• _Task description_:
The reply needs the lines from the one containing "man wearing pink gloves cleaning sofa" through the end of the material, each repeated exactly, and no pictures.

• _Material provided_:
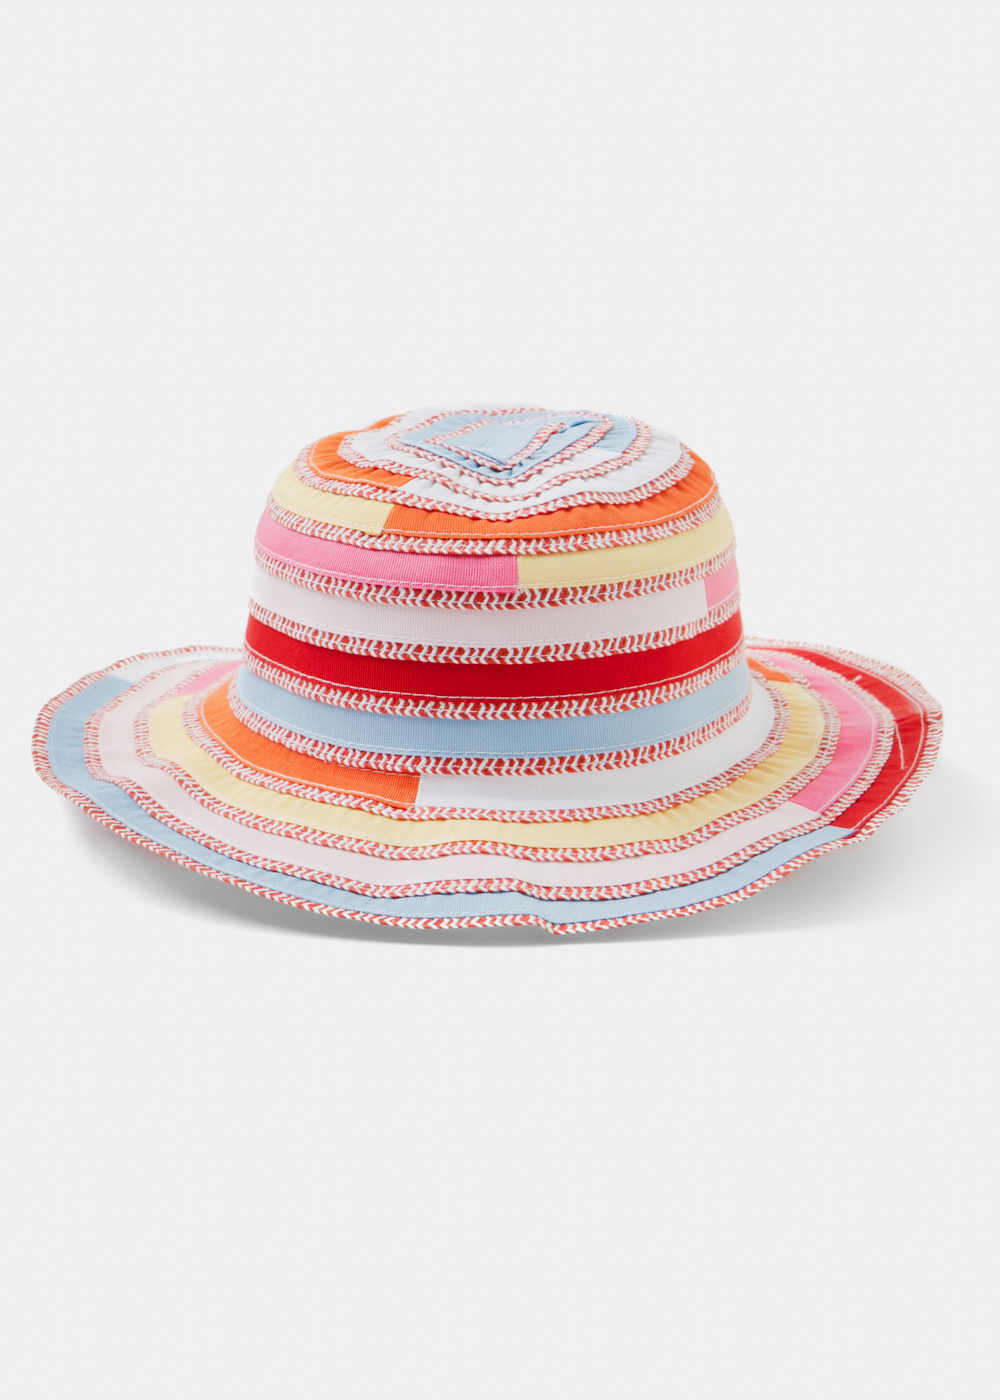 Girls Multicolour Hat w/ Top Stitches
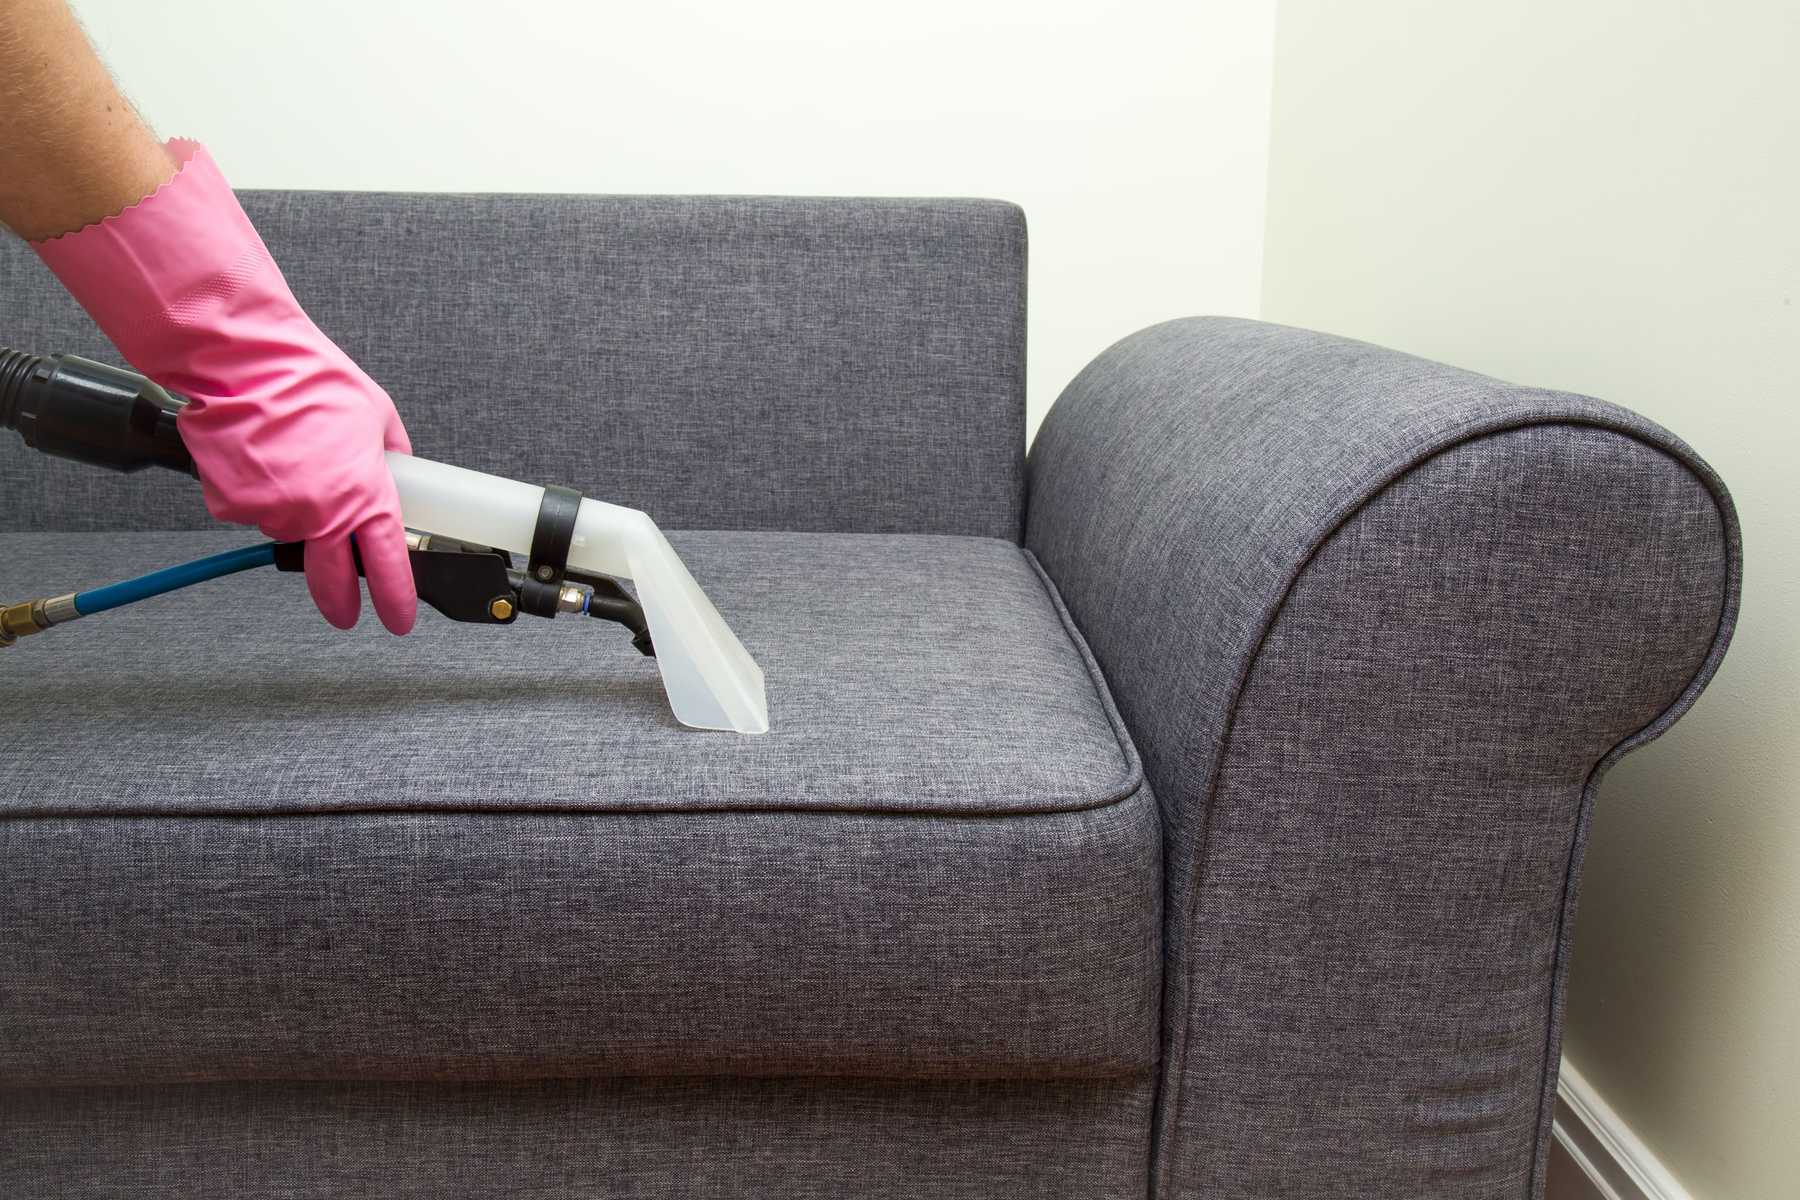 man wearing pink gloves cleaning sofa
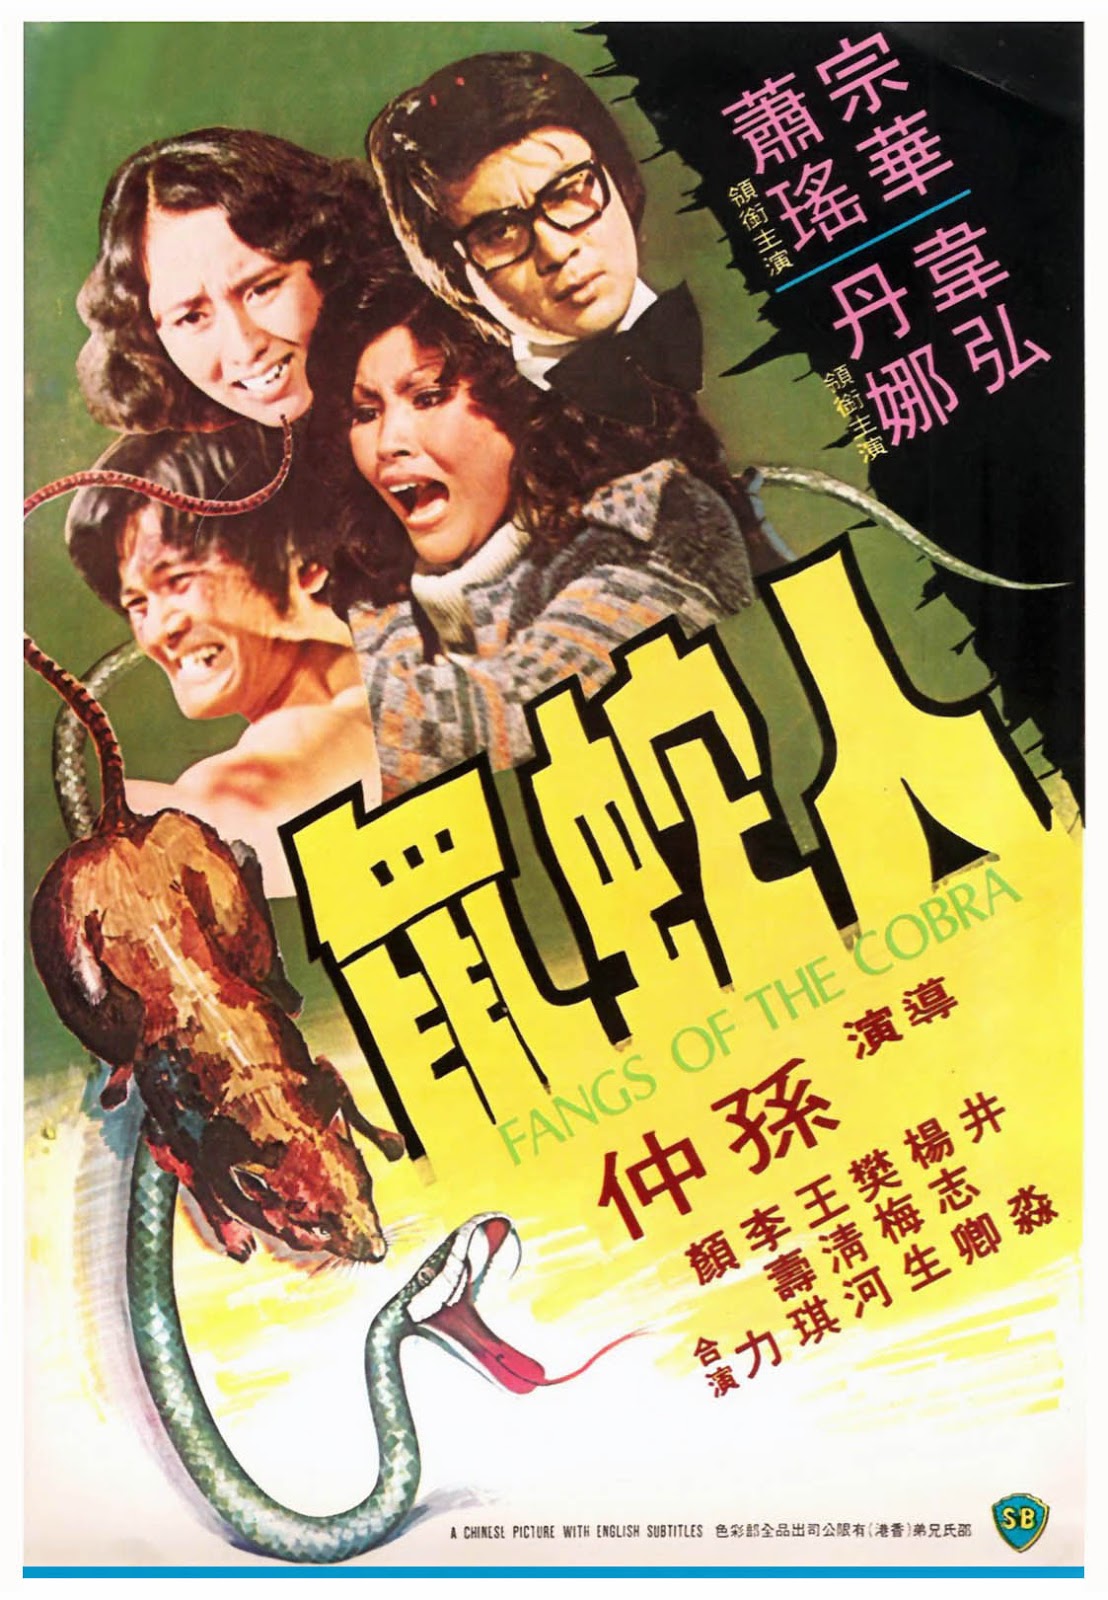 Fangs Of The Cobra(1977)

• _Response to the exercise_:
 man wearing pink gloves cleaning sofa
 Fangs Of The Cobra(1977)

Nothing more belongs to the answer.